TrackTest
- Products: Online English proficiency test with certificate
- Services: English Core test, English Complete test, English assessment for schools and companies, online proctoring and verification
- Website: tracktest.eu

= TrackTest =

English test for non-native English speakers

TrackTest Online English Assessment Center or TrackTest is an online English language assessment solution launched in November 2012 that measures the English skills of non-native English speakers. The test is using the scale based on Common European Framework of Reference for Languages.
It wants to create a 21st-century alternative to expensive pen&paper tests provided by established companies like ETS.
 Services for companies and language schools include an easy-to-use online management console for managing tests, analysing results and the progress of their students or candidates. In 2014, TrackTest English Test was used by students from 173 countries and speaking 136 languages.
The organisation is an institutional affiliate member of Association of Language Testers in Europe (ALTE), EAQUALS and others.

==Format and scoring==

TrackTest English proficiency level exams are provided online and are provided in two formats:

1. Core test (receptive skills- grammar, reading, listening) lasts approximately 45 minutes with immediate results. For a successful pass, it is required to achieve 65 per cent or more correctly answered questions.

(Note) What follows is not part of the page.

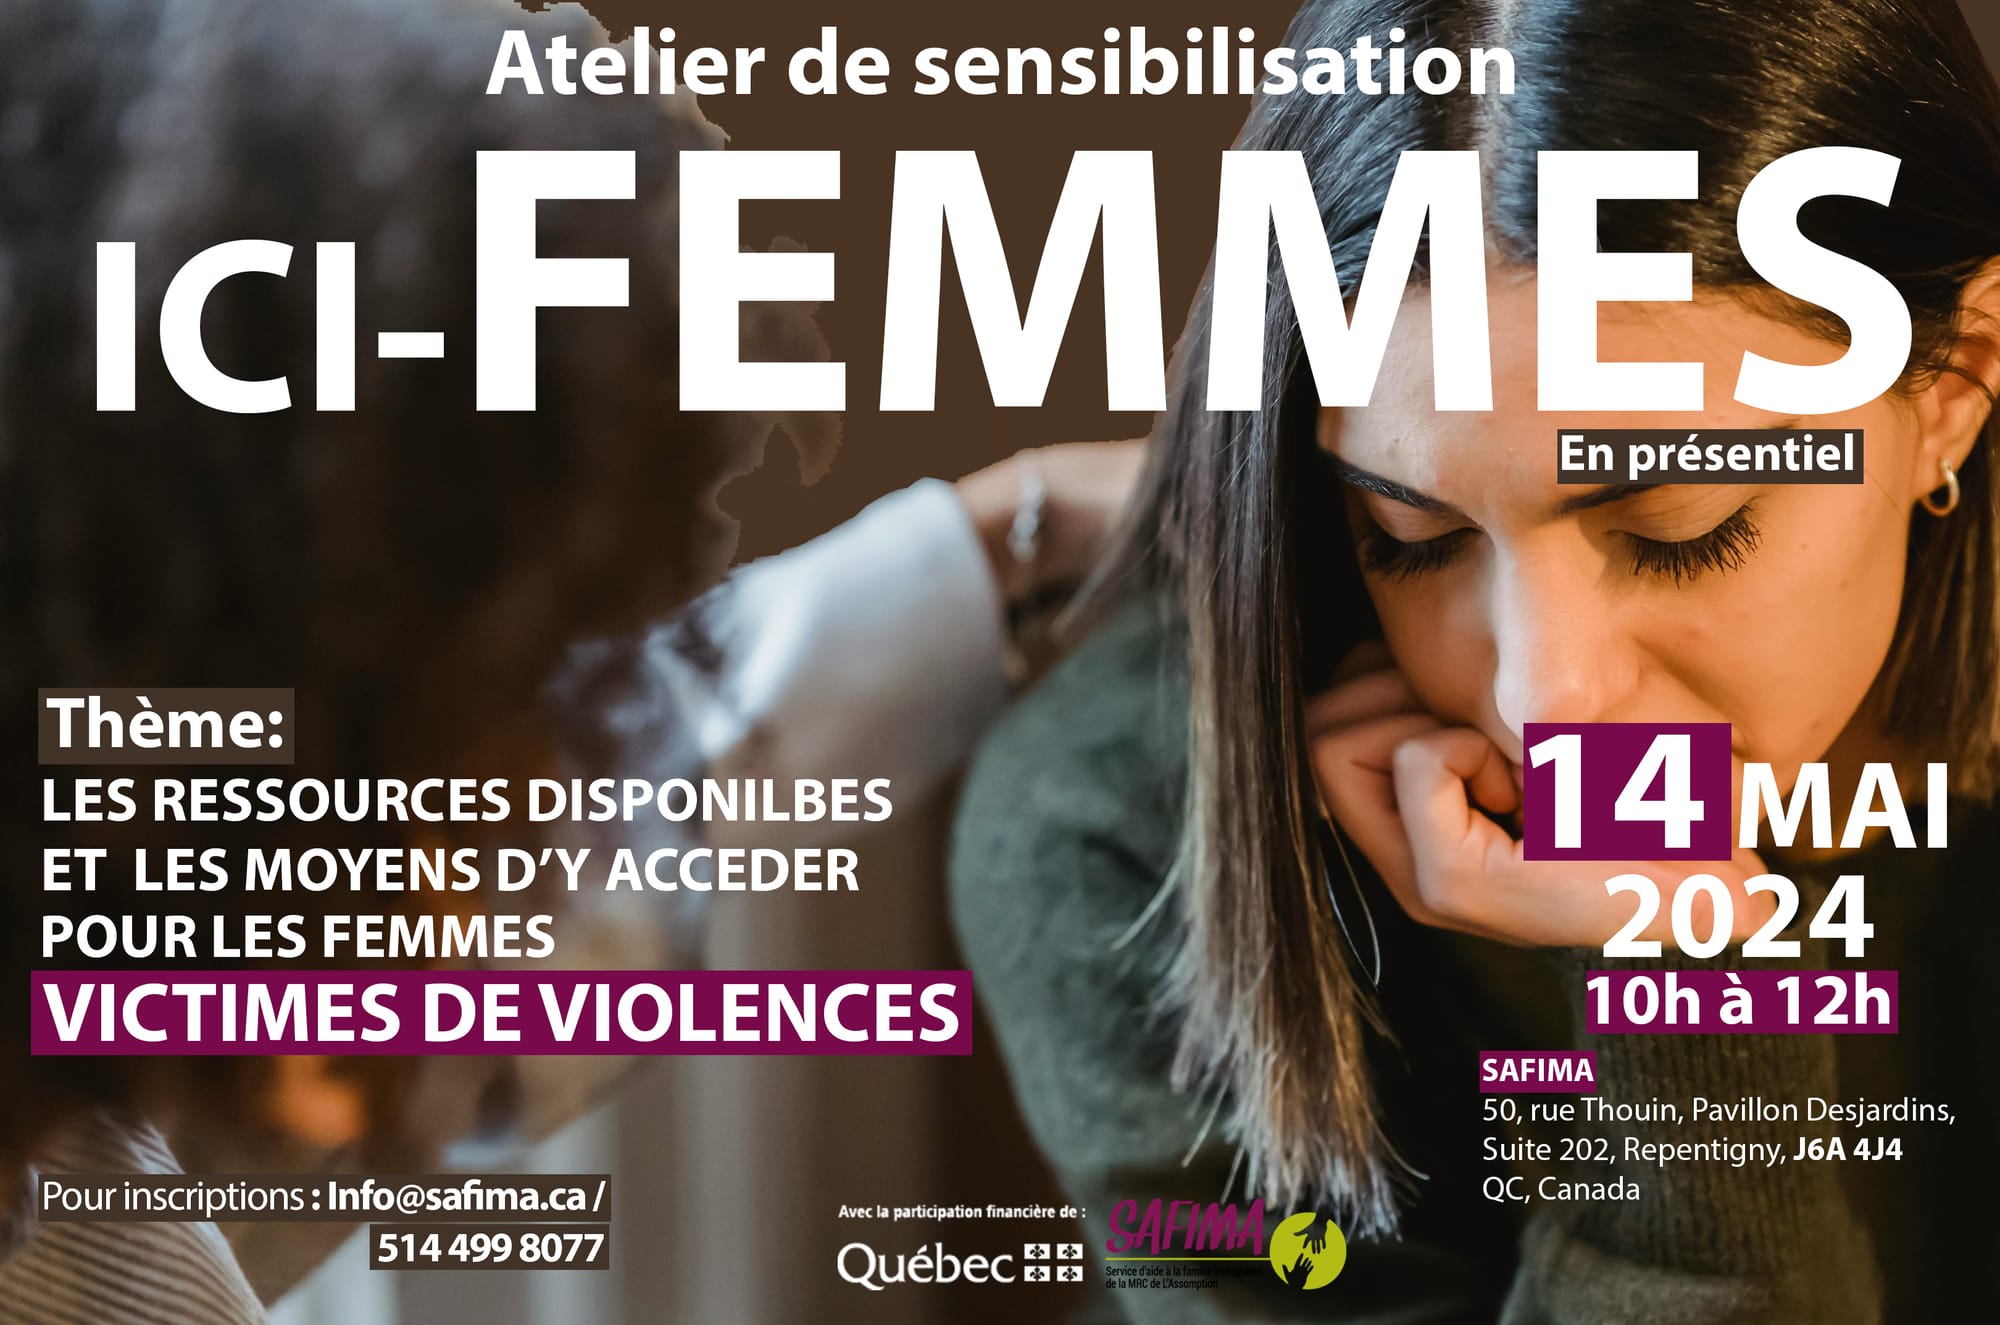 ATELIER DE FORMATION POUR LES FEMMES DU 14 MAI 2024

2. Complete test (both receptive and productive skills- Core test + Speaking&Writing).

Both tests are provided in two versions based on the delivered level of security:

a) Standard – provided online "as is", without the invigilation or proctored by the organisation administering the assessment.

b) Verified – proctored and verified directly by TrackTest. These tests are taken in a proctored online environment with online invigilation via webcam and with the candidate's identity verified by TrackTest. Certificates are equipped with a photo of the candidate.

In 2013, TrackTest introduced TrackTest Score for better progress tracking of users. It is a dynamically calculated numeric score in the range from 0 to 1200 using the algorithm based on all other user results and reflecting the difficulty difference among the levels.